Product Documentation

Measuring Disk Based Compression Performance

Dec 07, 2012
The Compression Status tab of the Reports: Compression page reports the system compression performance since the system was started or since the Clear button was used to reset the statistics. Compression for individual connections is reported in the connection closure messages in the system log. For example:

Compression performance varies with a number of factors, including the amount of redundancy in the data stream and, to a lesser extent, the structure of the data protocol.

Some applications, such as FTP, send pure data streams; the TCP connection payload is always byte-for-byte identical to the original data file. Others, such as CIFS or NFS, do not send pure data streams, but mix commands, metadata, and data in the same stream. The compression engine distinguishes the file data by parsing the connection payload in real time. Such data streams can easily produce compression ratios between 100:1 and 10,000:1 on the second pass.

Average compression ratios for the link depend on the relative prevalence of long matches, short matches, and no matches. This ratio is dependent on the traffic and is difficult to predict in practice.

Test results show the effect of multi-level compression as a whole, with memory based and disk based compression each making its contribution.

Maximum compression performance is not achieved until the storage space available for disk based compression is filled, providing a maximum amount of previous data to match with new data. In a perfect world, testing would not conclude until the appliance's disks had not only been filled, but filled and overwritten at least once, to ensure that steady-state operation has been reached.

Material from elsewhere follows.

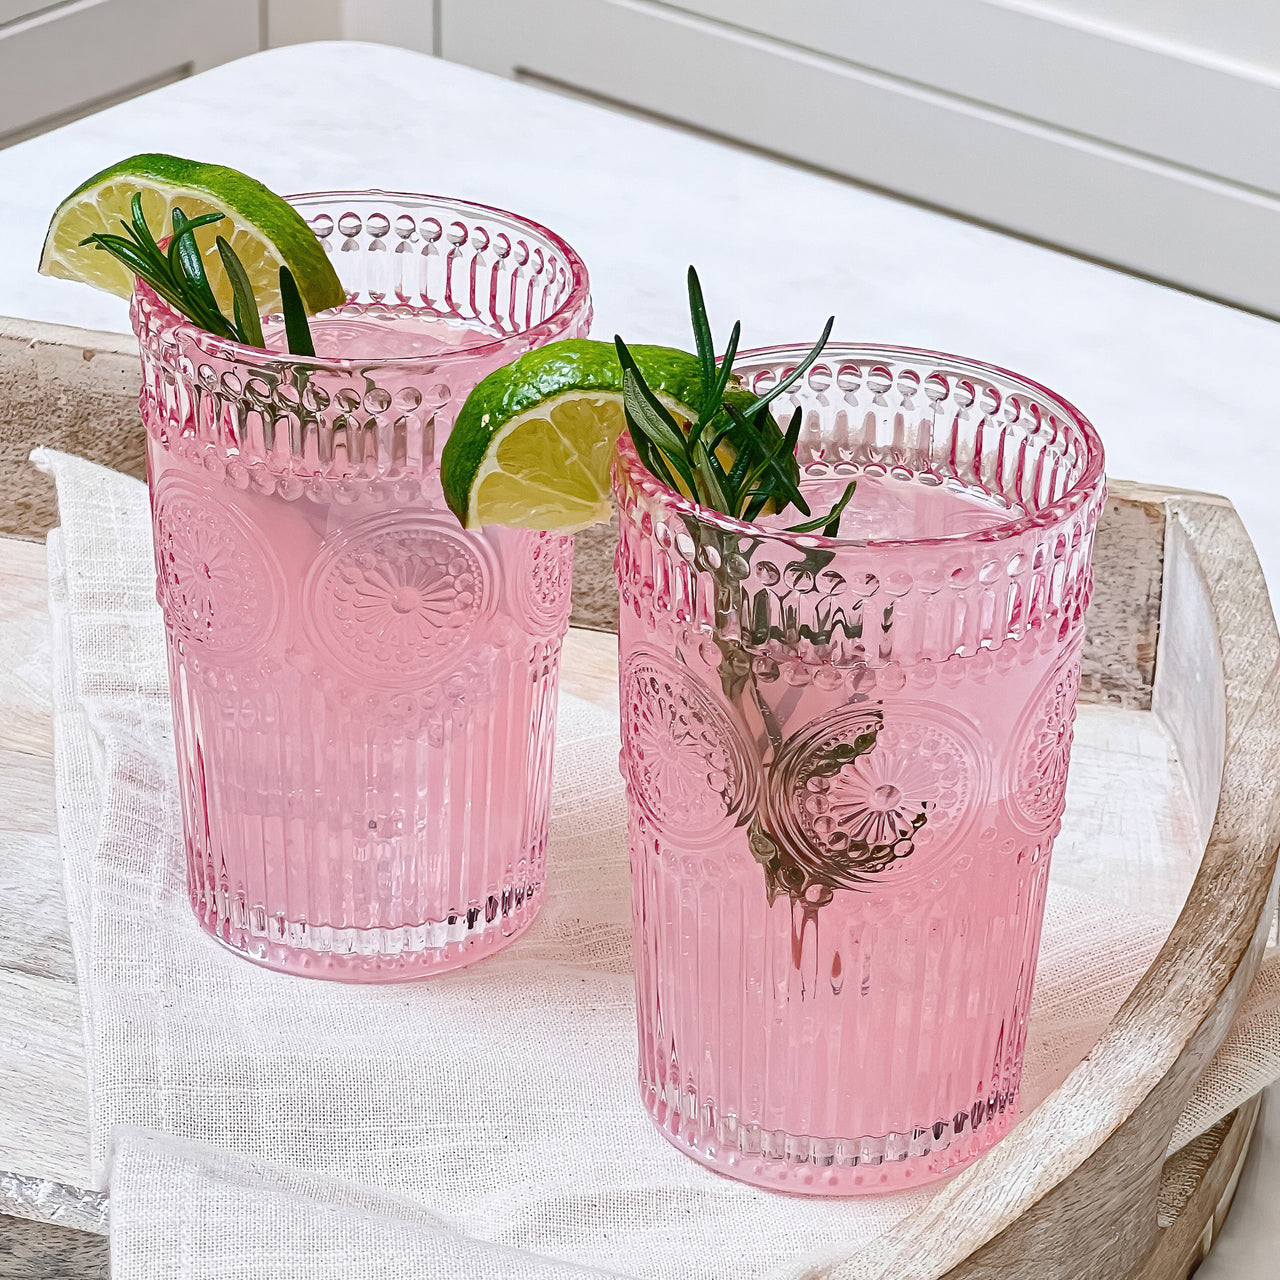 13 oz. Vintage Textured Pink Drinking Glass Cups (Set of 6) - Alternate Image 2 | My Wedding Favors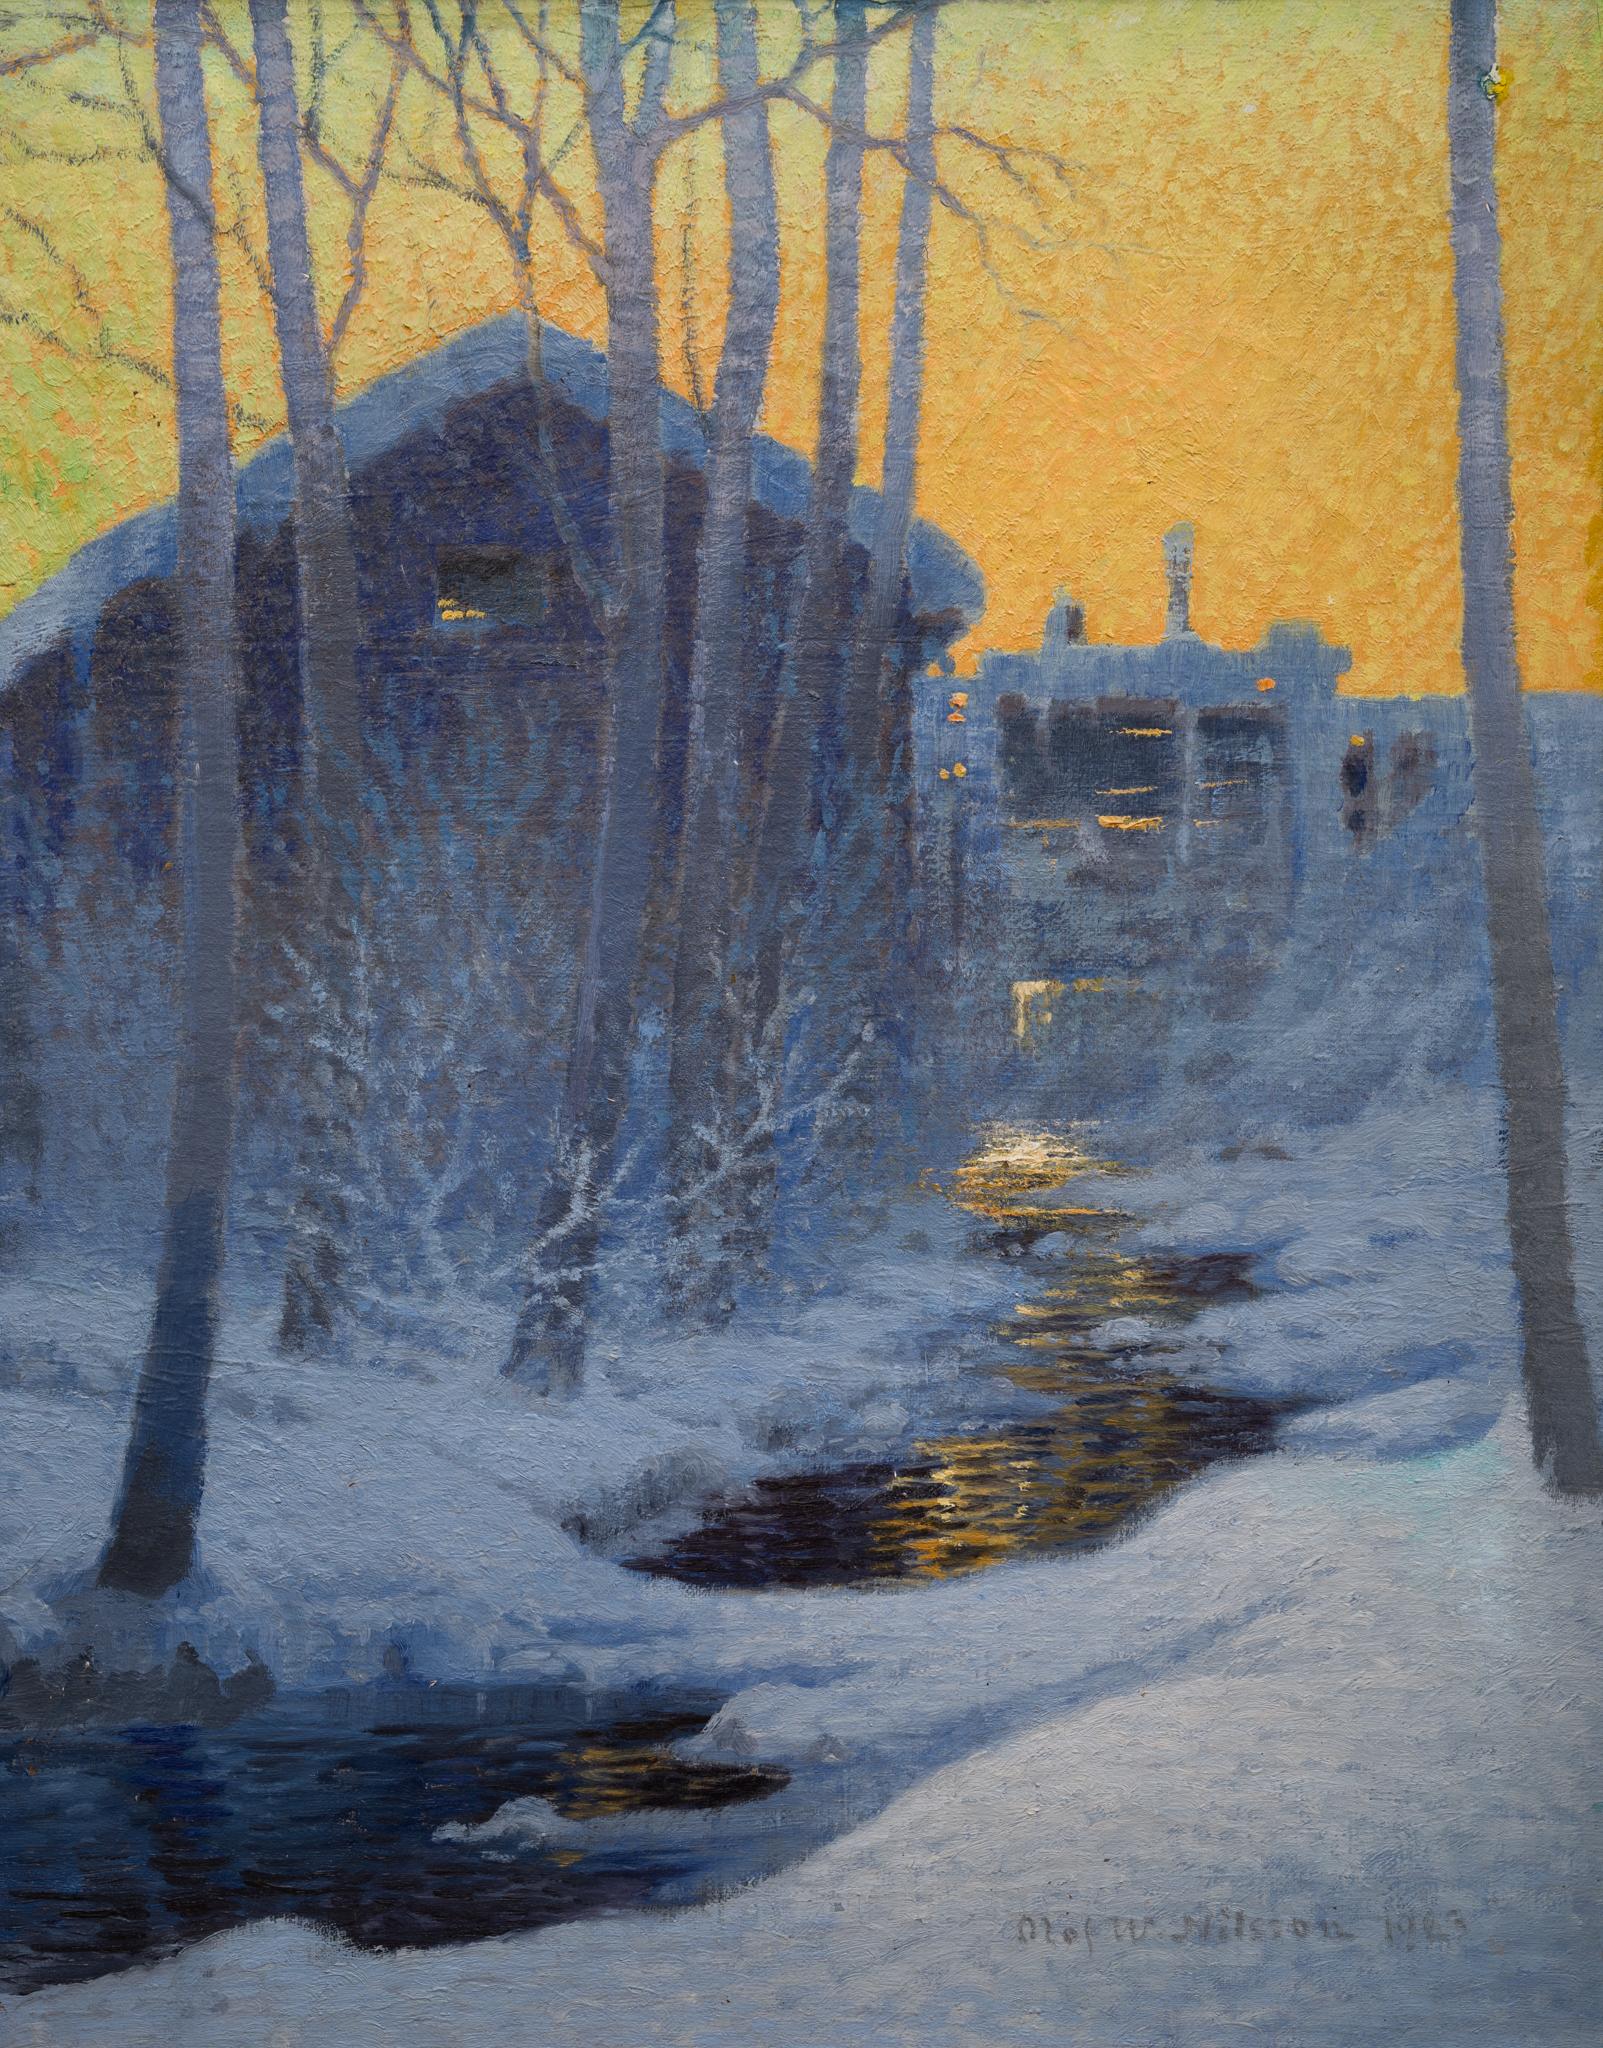 Our painting "Winter Evening at the Mill," created by the Swedish painter Olof Walfrid Nilsson, offers a serene and evocative depiction of a winter landscape. Born on October 12, 1868, in Norra Råda socken, Värmland, and passing away on February 23,

However, few administrators have that much representative data at their disposal.

Another difficulty in performance testing is that acceleration often exposes weak links in the network, typically in the performance of the client, the server, or the LAN, and these are sometimes misdiagnosed as disappointing acceleration performance.

You can use Iperf or FTP for preliminary and initial testing. Iperf is useful for preliminary testing. It is extremely compressible (even on the first pass) and uses relatively little CPU and no disk resources on the two endpoint systems. Compressed performance with Iperf should send more than 200 Mbps over a T1 link if the LANs on both sides use Gigabit Ethernet, or slightly less than 100 Mbps if there is any Fast Ethernet equipment in the LAN paths between endpoints and appliances.

Iperf is preinstalled on the appliances (under the Diagnostics menu) and is available fromhttp://iperf.sourceforge.net/. Ideally, it should be installed and run from the endpoint systems, so that the network is tested from end to end, not just from appliance to appliance.

FTP is useful for more realistic testing than is possible with Iperf. FTP is simple and familiar, and its results are easy to interpret. Second-pass performance should be roughly the same as with Iperf. If not, the limiting factor is probably the disk subsystem on one of the endpoint systems.

To test the disk based compression system
  1. Transfer a multiple-gigabyte data stream between two appliances with disk based compression enabled. Note the compression achieved during this transfer. Depending on the nature of the data, considerable compression may be seen on the first pass.
  2. Transfer the same data stream a second time and note the effect on compression.